Anna smiling on hillside

Most camp experiences don’t involve a boat ride back in time, yet that’s very nearly what campers encounter as they head to Mountain and Sea Adventures (MSA) on Catalina Island. In the hour-and-a-half crossing, they leave behind the bustling and congested urban port of San Pedro and arrive on the island’s north-facing shore with a stunning view of White Cove, their home for the next several days.

Annie MacAulay ’11 is the founder, president, and CEO of MSA, but around the campgrounds she goes by her camp name, Playful. “Our goal here is to create world-changing adventurers who love and steward the Earth,” she says.

Since Annie founded MSA in 1997, her science camps annually welcome groups of students from about 100 area schools. In total, 130,000 young campers have been transformed by an MSA experience, either on land camps around Catalina, aboard the floating sea camp Enhydra, or at MSA’s mountain camp for the study of physics and astronomy.

Anna looking over the shoreline

“Being connected with Azusa Pacific as I was starting Mountain and Sea Adventures was really vital in getting us past the formation stage and providing help and support that we needed to press on. The prayer and practical guidance I received was incredibly encouraging.”

Annie MacAulay ’11

Educators say these camp environments are ideal for elementary, middle, and high school learners to reinforce and augment their school science curriculum. For some youth, it is their first time visiting the ocean, spending extended time in nature, or going without phones or electronics. It can feel otherworldly, particularly when one of Catalina’s wild bison strolls cautiously through camp or a dolphin pod appears on the horizon.

At camp and in life, it takes courage to try something new or to face the unknown. That’s why Annie shapes her camp curriculum around character-building activities and messages that gently push campers to break down their fears. Daily inspirations (or devotions for groups from faith-based schools) set a growth mindset for campers before they launch into a packed schedule designed to challenge them intellectually and personally.

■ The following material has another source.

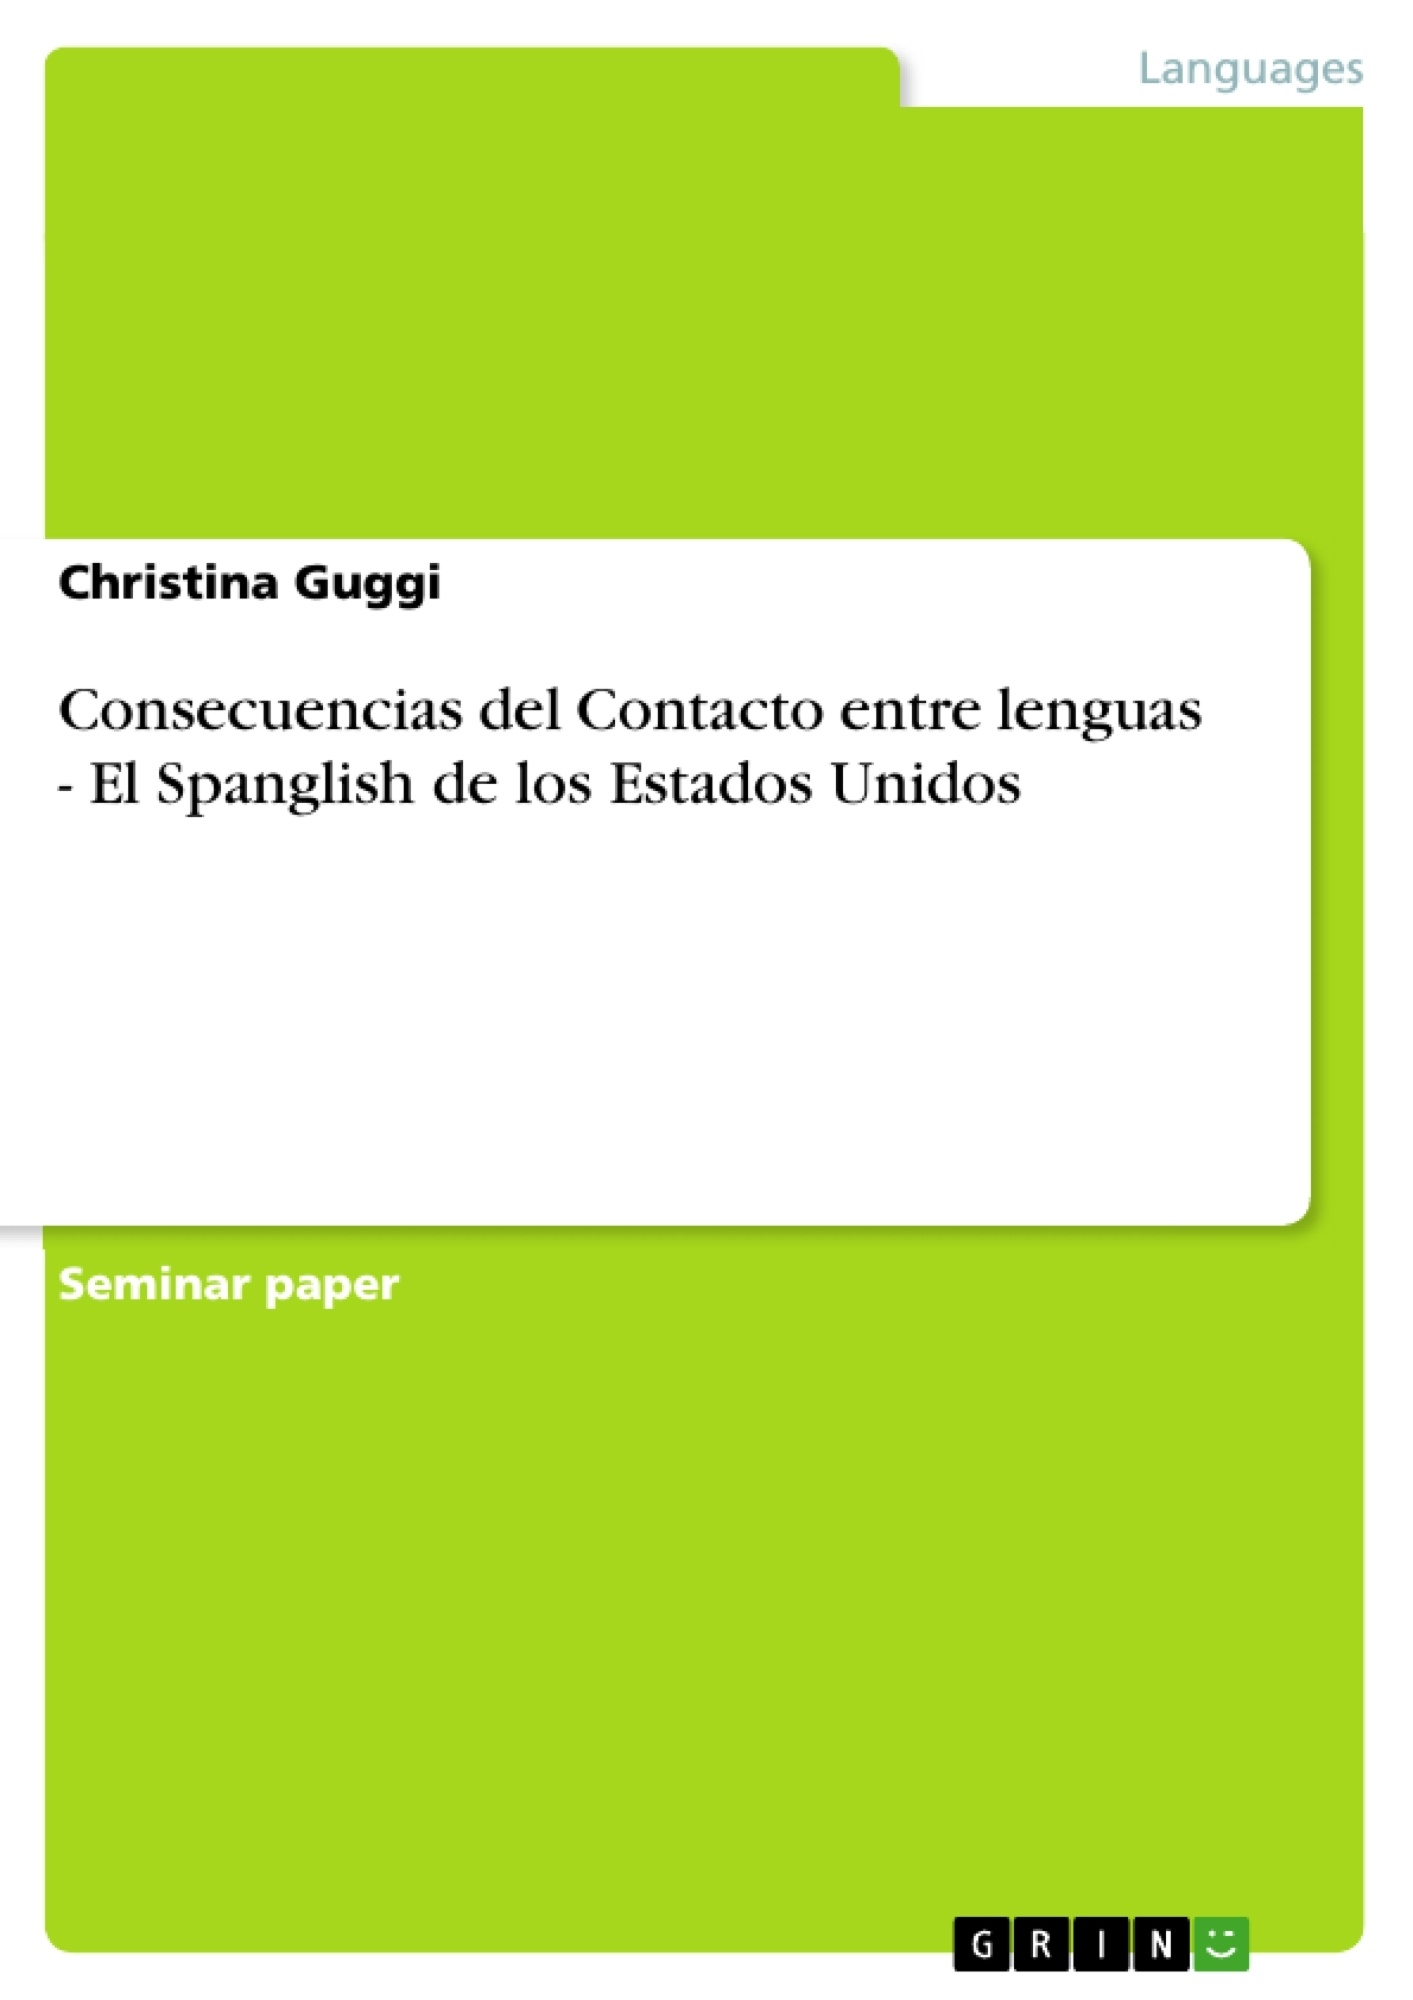 Título: Consecuencias del Contacto entre lenguas - El Spanglish de los Estados Unidos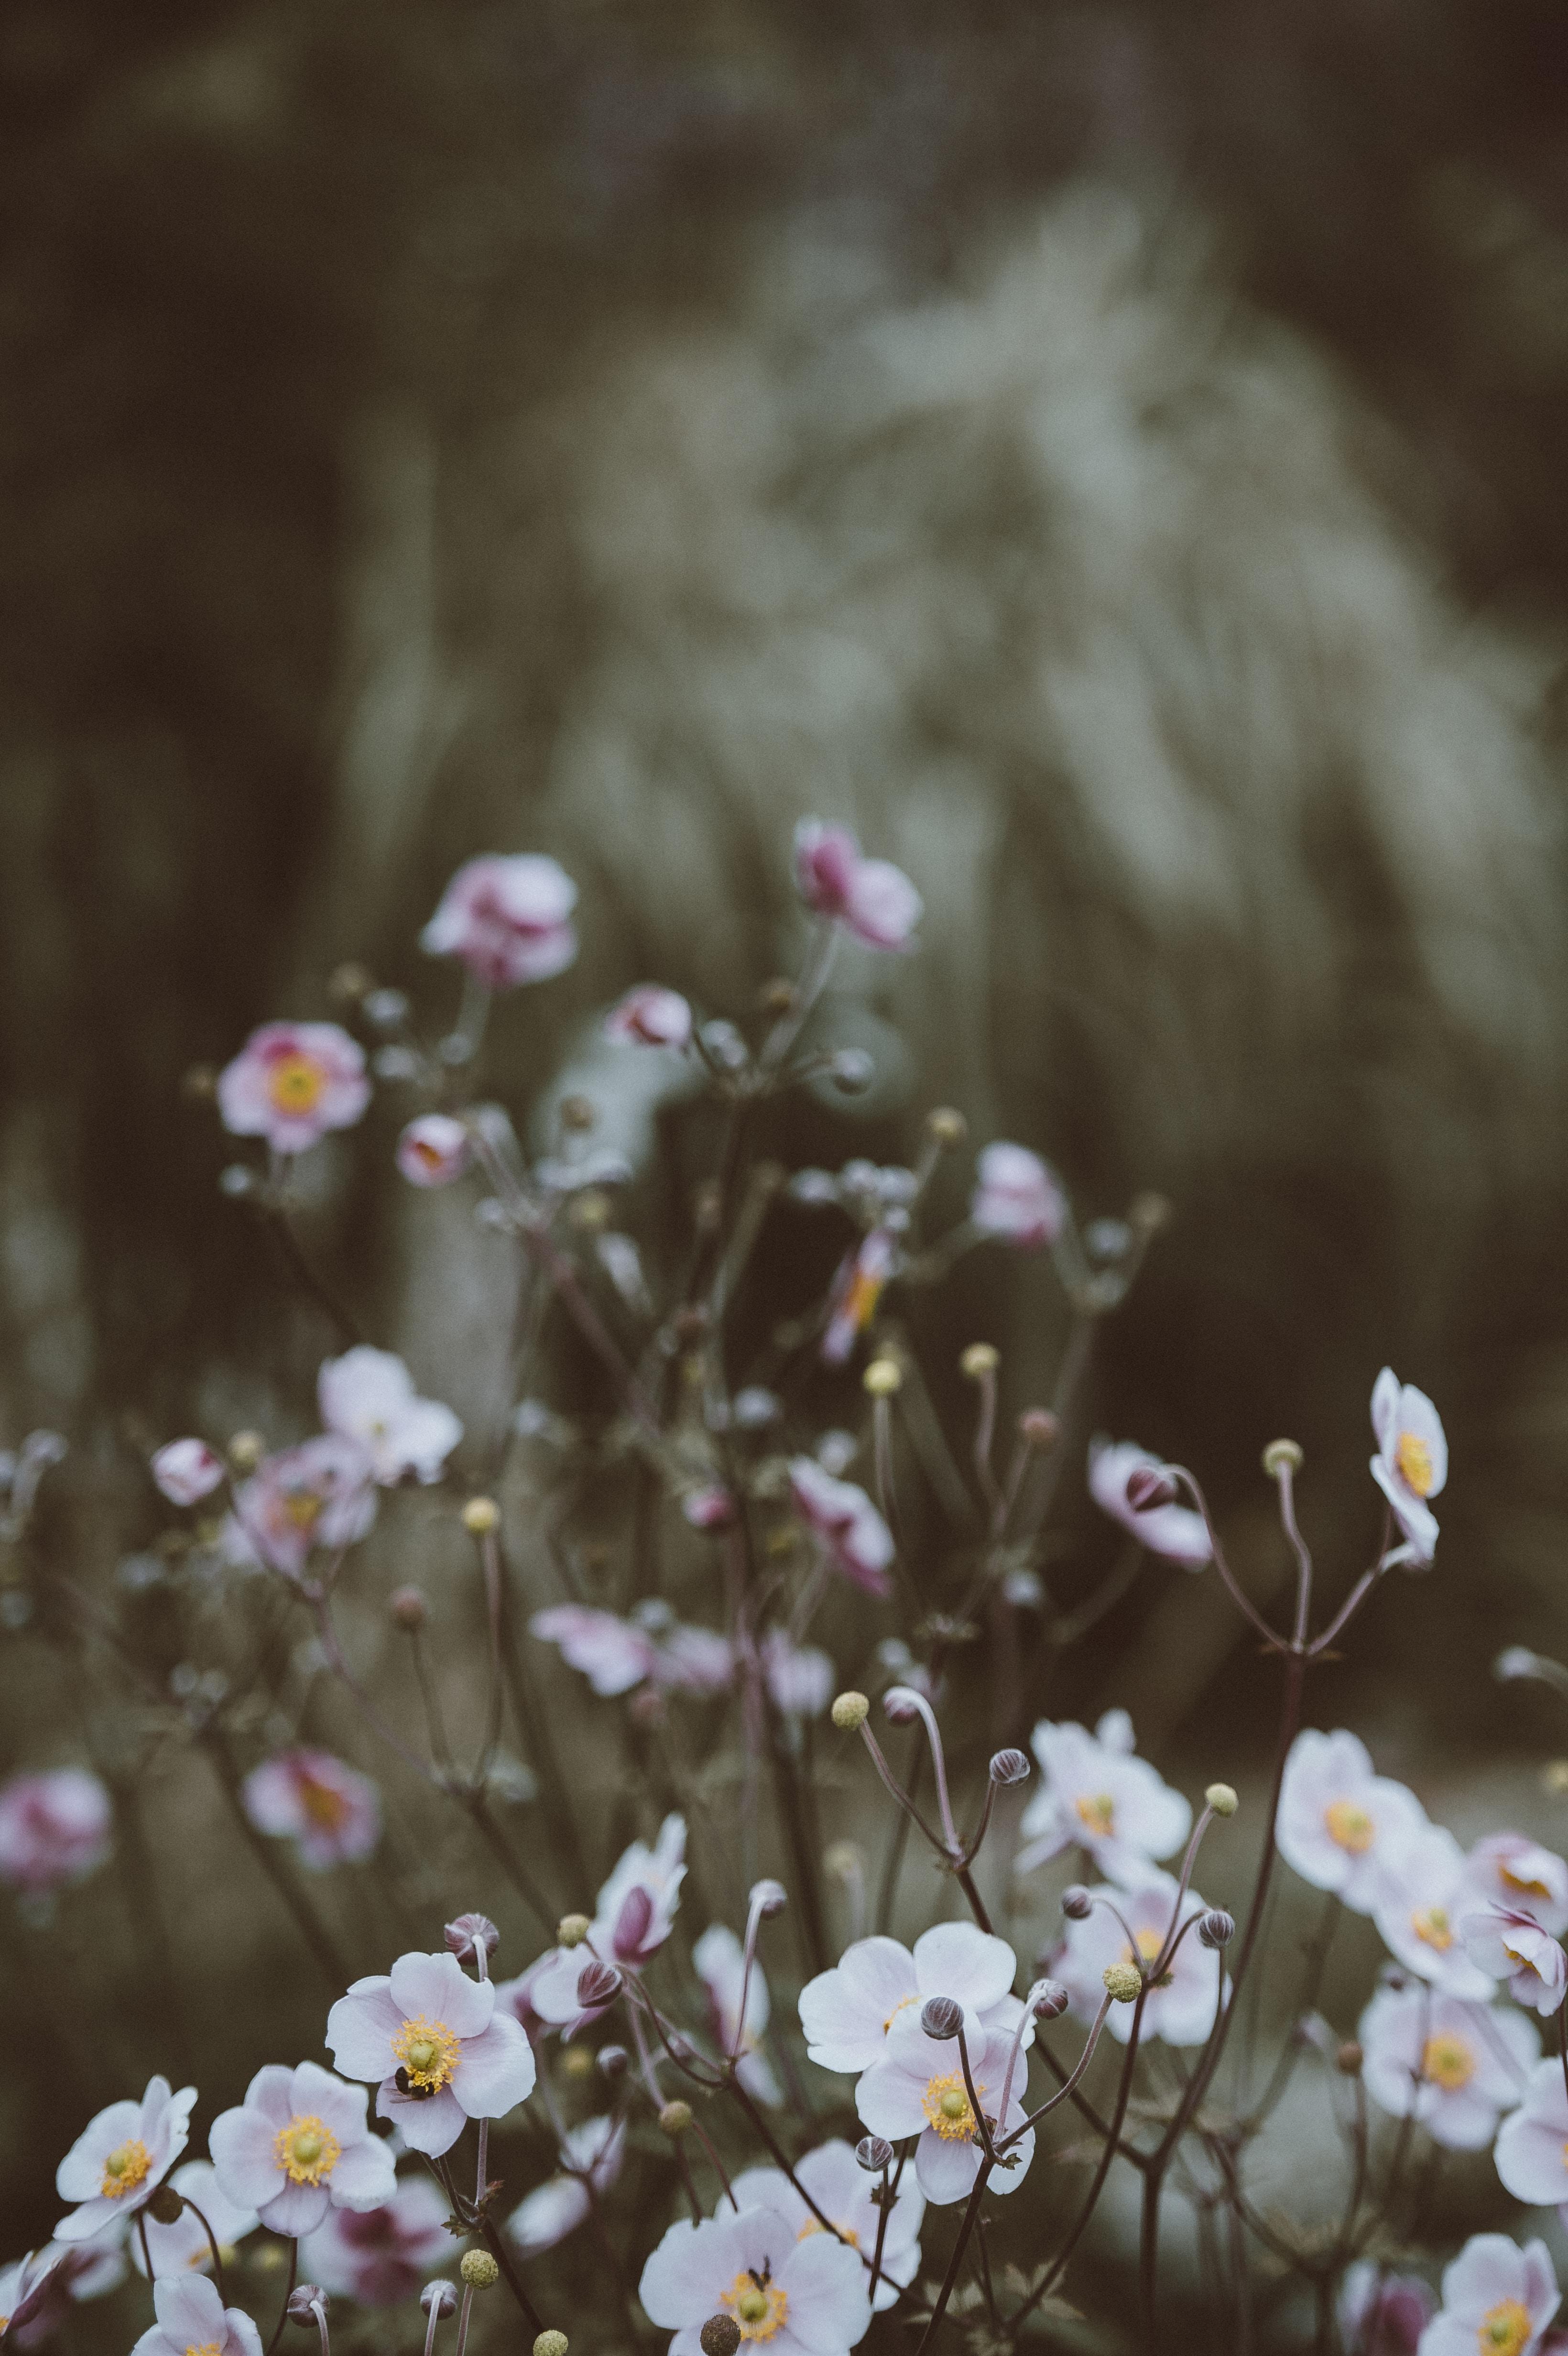 tilt shift photography of white petaled flowers

Blind folded people in a line
People in kayaks at shoreline
Pier
Students in a hand pile

Each day at camp is spent immersed in the splendor of creation. Campers go snorkeling to observe fish in their coastal habitat, take part in a plankton tow and microscopic water analysis, and learn to differentiate between invertebrates and vertebrates in the camp’s touch tank. Across camp, others gingerly dissect squid under the guidance of a counselor, discuss the impact of plastics and marine debris, and study the cove’s many teeming tidepools. 

 

There are few better locations to practice scientific thinking and cultivate a love of nature than Catalina, a true cross section of the state’s coastline in its most natural form, says Annie. “The island is an amazing place where we can see the natural and historical abundance of California without all of the development that has taken place on the mainland,” she says. “It is environmentally pristine with an active conservancy that strives to keep indigenous and endemic species thriving here.”

Ship at sea
Houses at shoreline
Seagull soaring
Shoreline landscape

Beyond the science curriculum, Annie and her MSA team teach campers that when conditions or currents change at sea—as they often do—how you respond determines your course. As Annie persists in her mission to instill courage and perseverance in tomorrow’s scientists and leaders, she says her hope for the future continues to multiply. Helping young people understand and be part of the movement to restore the natural world is an act of worship for Annie. “The heavens declare the glory of God,” she says. “When we’re doing astronomy with a group of kids and looking at the stars, that is literally the heavens themselves that are pulling them closer to God’s heart.”

Anna's hands in water

“But ask the animals, and they will teach you; the birds of the air, and they will tell you; ask the plants of the earth, and they will teach you; and the fish of the sea will declare to you. Who among all these does not know that the hand of the LORD has done this? In his hand is the life of every living thing and the breath of every human being.”

Job 12: 7-10

It’s not uncommon to find Annie and her husband Fran, also MSA’s ship captain and scuba instructor, praying over the coves of Catalina for the wildlife and ecosystem to flourish. “We continue to be awakened to what we feel God is speaking through His creation,” Annie says. She is also deeply invested in the spiritual development of her camp staffers, mostly young adults just out of college. Annie openly shares her faith with them and baptizes those who decide to follow Christ.

Aboard MSA’s shoreboat, the Double Portion, Annie looks out over her camp and the surrounding waters, reflecting on what has sustained her tenacious spirit and enduring calling to lead the next generations. “From the time the Lord put on my heart the idea to start Mountain and Sea Adventures, I knew that I had to walk in faith, because only God would be able to provide a way,” she says.